The energy required to run the desalination plants accounts for approximately 52% of the total energy demand, while the remaining 48% is to pump the water. For countries such as Tajikistan and Chile, water pumping accounts for more than 70% of the total energy demand. In contrast, countries with shorter pumping distances, such as Qatar and Vietnam, use less than 10% of the total energy demand for pumping. Figure 4c shows that the energy demand per unit tonne of average annual CO2 sequestered, on a global average, stabilizes at around 1 MWh per tCO2 by 2100 for the proposed system. The minimum–maximum interval indicates that countries can have more or less than this average. The peak in 2040 is due to the increase in energy demand as growing trees require more water but still have lower carbon sequestration potential, with energy demand starting to decline as carbon sequestration potential increases. The energy demand decreases to almost 1 MWh per tCO2 by 2100, while for some countries it is even less, as shown by the red shaded area. Pumping energy demand accounts for almost half of the total average, while in some countries the pumping energy demand is minimal, as shown by the lower end of the blue area. In 2070, the ten countries with the largest CO2 sequestration potential accounting for 65% of the global potential (Algeria, Australia, Egypt, Libya, Mauritania, Mexico, Niger, Saudi Arabia, Sudan, the United States) have energy efficiency use values of 1–1.5 MWh per tCO2. The pumping distances shown in Supplementary Figs. 7–11 capture more details on the global system. Table 1 summarizes key features of the global energy system required during the lifetime of the forests for the years 2030, 2050, 2070 and 2100.

Table 1 Key features of the global energy system for the years 2030, 2050, 2070 and 2100

Comparing major carbon dioxide removal options

In Table 2, the features of the CDR options proposed in this research are compared with those of the main CDR options currently used in IAM models: direct air capture and carbon capture storage (DACCS) and bioenergy and CCS (BECCS). BECCS has historically been the dominant CDR technology due to the perceived lower costs, ability to generate electricity and provide flexibility to the energy system. However, the increasing limitations of water and land constrain the deployment of BECCS27,28,29,30. Meanwhile, the projected decreasing costs and potential of DACCS have made the technology an increasingly attractive CDR option27,31.

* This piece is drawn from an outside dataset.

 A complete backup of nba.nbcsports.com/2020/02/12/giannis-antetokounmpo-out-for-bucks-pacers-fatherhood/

Table 2 Comparison of the data from this research with those of DACCS (low-temperature DAC) and BECCS

The costs for afforestation shown above post-2050 can be expected to decrease further due to the declining RE costs. Based on the data in Table 2, by mid-century, DACCS at approximately €100 per tCO2 may be a cheaper CDR option than desalination-based afforestation. However, on a country basis, as shown in Fig. 3c and Supplementary Data 2, afforestation with RE-based SWRO may be a more cost-effective solution, with the added benefits of restoring land. For the case of the green wall restoration project in the Sahel region, a dollar invested in the restoration of degraded land is found to yield economic returns of US$1.1–4.4 (ref. 32). The median economic benefits in the Sahel region due to restored forests are estimated to be US$215,200 km−2. The benefits of forest restoration on arid lands are not within the scope of this research, but if included, will further bring down the costs for desalination-based afforestation in some regions. A key drawback of desalination-based afforestation is the approximately 20 yr time delay after the investment to benefit from a substantial CO2 sequestration rate as shown in Fig. 3b. This delay and uncertainty impede the planning of climate mitigation portfolios for different regions.

In Supplementary Data 1, we present further analysis of the contribution of afforestation with RE-based SWRO to climate change mitigation efforts considering a future scenario where the global energy system achieves zero emissions by 2050.

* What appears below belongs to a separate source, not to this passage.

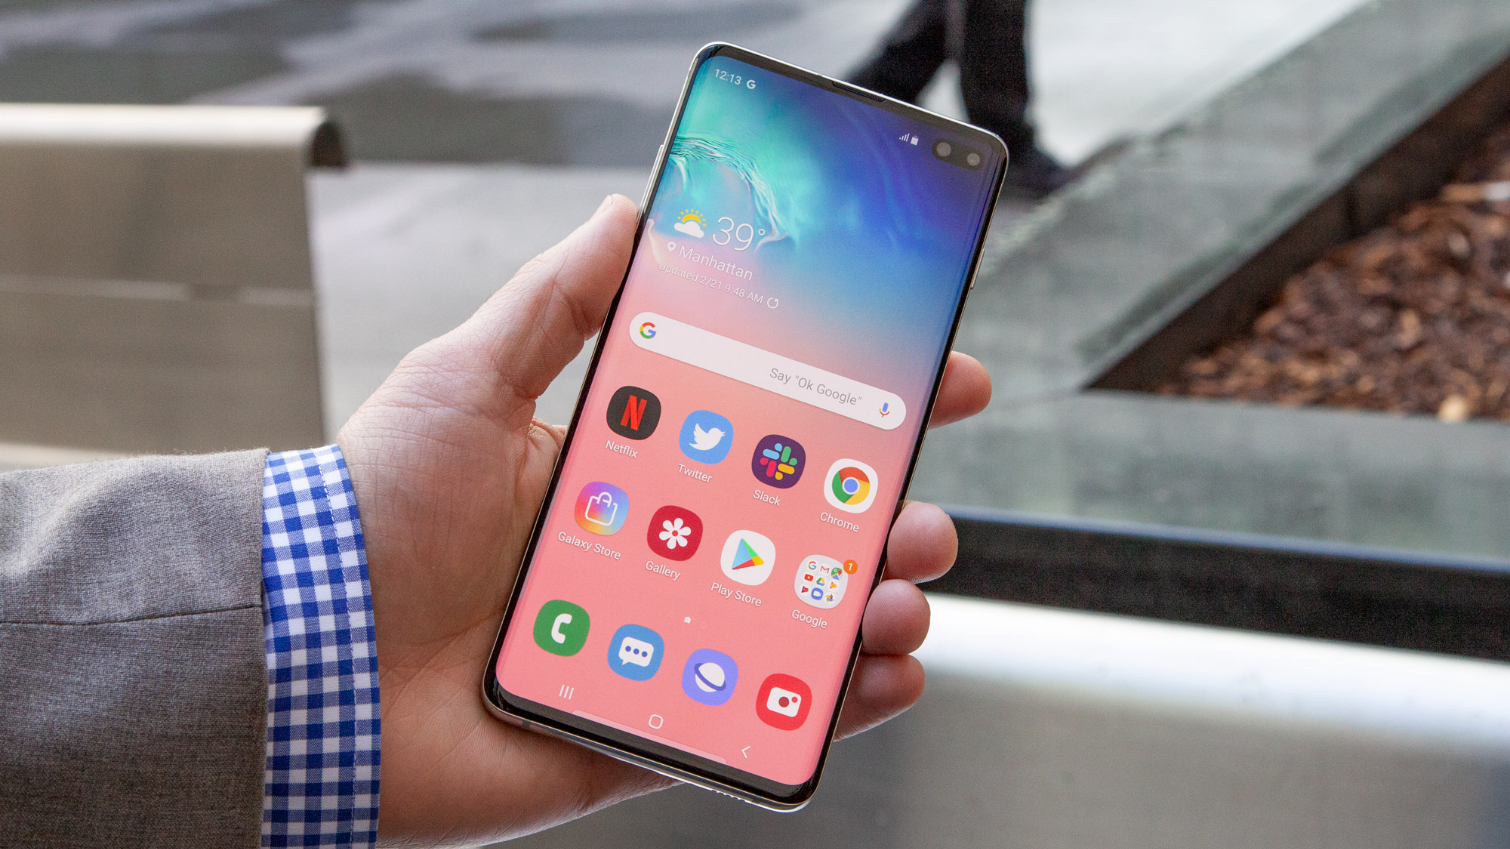 Samsung Galaxy S10 Plus review | Tom's Guide

The goal of this work is to highlight the untapped afforestation potential on arid lands to support tree growth and provide a substantial CDR opportunity, provided there is a secure supply of water. While the initial costs of such a system are high (a global average of €457 per tCO2), the increasing carbon sequestration potential of the trees and decreasing cost of renewable electricity make such projects competitive with CDR options such as DACCS and BECCS. Forests also help fight the increasing threats of desertification, soil erosion and floods, and help fix the water cycle. By mid-century, about 0.26 GtCO2 could be sequestered annually through afforestation with RE-based SWRO at annual historic costs of €50–100 per tCO2. By the end of the century, the number rises to 6.7 GtCO2 for the same cost range. Solar PV and wind enable the production of low-cost desalinated water and thereby create opportunities for afforestation in arid regions. An increase in precipitation due to the tree canopy cover, which has not been accounted for in detail due to the lack of available data, will further drive down these costs as water is the key cost component25. It has to be noted that areas of restoration where water is not an issue will provide the cheapest carbon sequestration opportunities.

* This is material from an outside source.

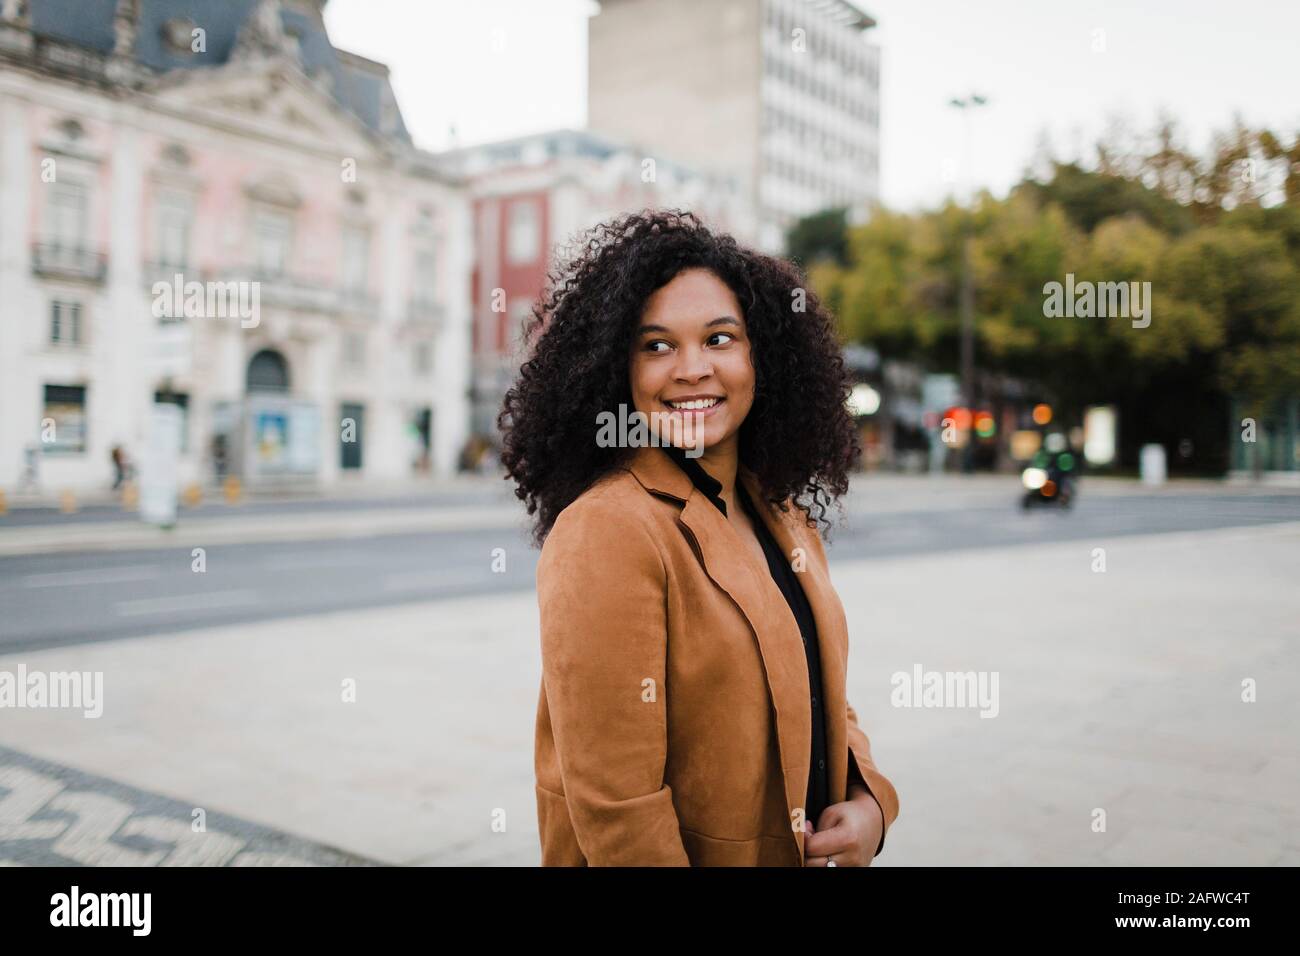 Happy young woman looking over Shoulder on urban street Banque D'Images

Issues with large quantities of concentrated brine currently being discharged into the marine environment—an estimated 142 million m3 d−1—from the global desalination capacity of 95 million m3 d−1 have been highlighted33. This leads to the pollution of coastal waters and damage to sensitive marine life, which will deteriorate as the global desalination capacity increases. Brine management of desalination plants is of crucial relevance for overall sustainability. An increasing area of interest is the recovery of minerals from concentrated brine discharge to meet the increasing global demand for critical elements while creating new economic opportunities for the regions33,34. In addition to mineral recovery, existing industrial processes can be used to extract chemicals such as sodium hydroxide and hydrochloric acid, which are used within the desalination plants themselves and in other various applications35. The use of treated brine discharge as an unconventional water source for the copper industry in Chile has also been demonstrated36. The use of brine discharge will further contribute to the reduction in costs of desalinated water.

There are several limitations to this study, namely the projection of carbon sequestered in forests, the diversity of trees and the water demand of forests. The data chosen for this study were validated through different approaches (Supplementary Data 1) to try to best simulate mature forests with sufficient water supply. Similarly, the relationship between increased precipitation and tree canopy cover in different regions needs to be better understood. Not all the land shown in Fig. 1b may be restored, but the results present a theoretical potential which is in line with the global potential values from ref. 37. Some of this land may in fact be converted to agricultural land or suffer the severe effects of climate change such as forest fires and floods. Furthermore, the current canopy cover for the nodes in the study is limited by existing data, but may have different values in practice, thereby influencing the carbon sequestration potential and water demand. The bare land areas may also be further studied and the canopy cover varied. Restoration of forests in cooler climates such as the boreal zones of North America and Europe, as shown in Fig. 1a, which can further contribute to the CO2 sequestration potential, and the corresponding impacts on climate change mitigation are not considered in this research.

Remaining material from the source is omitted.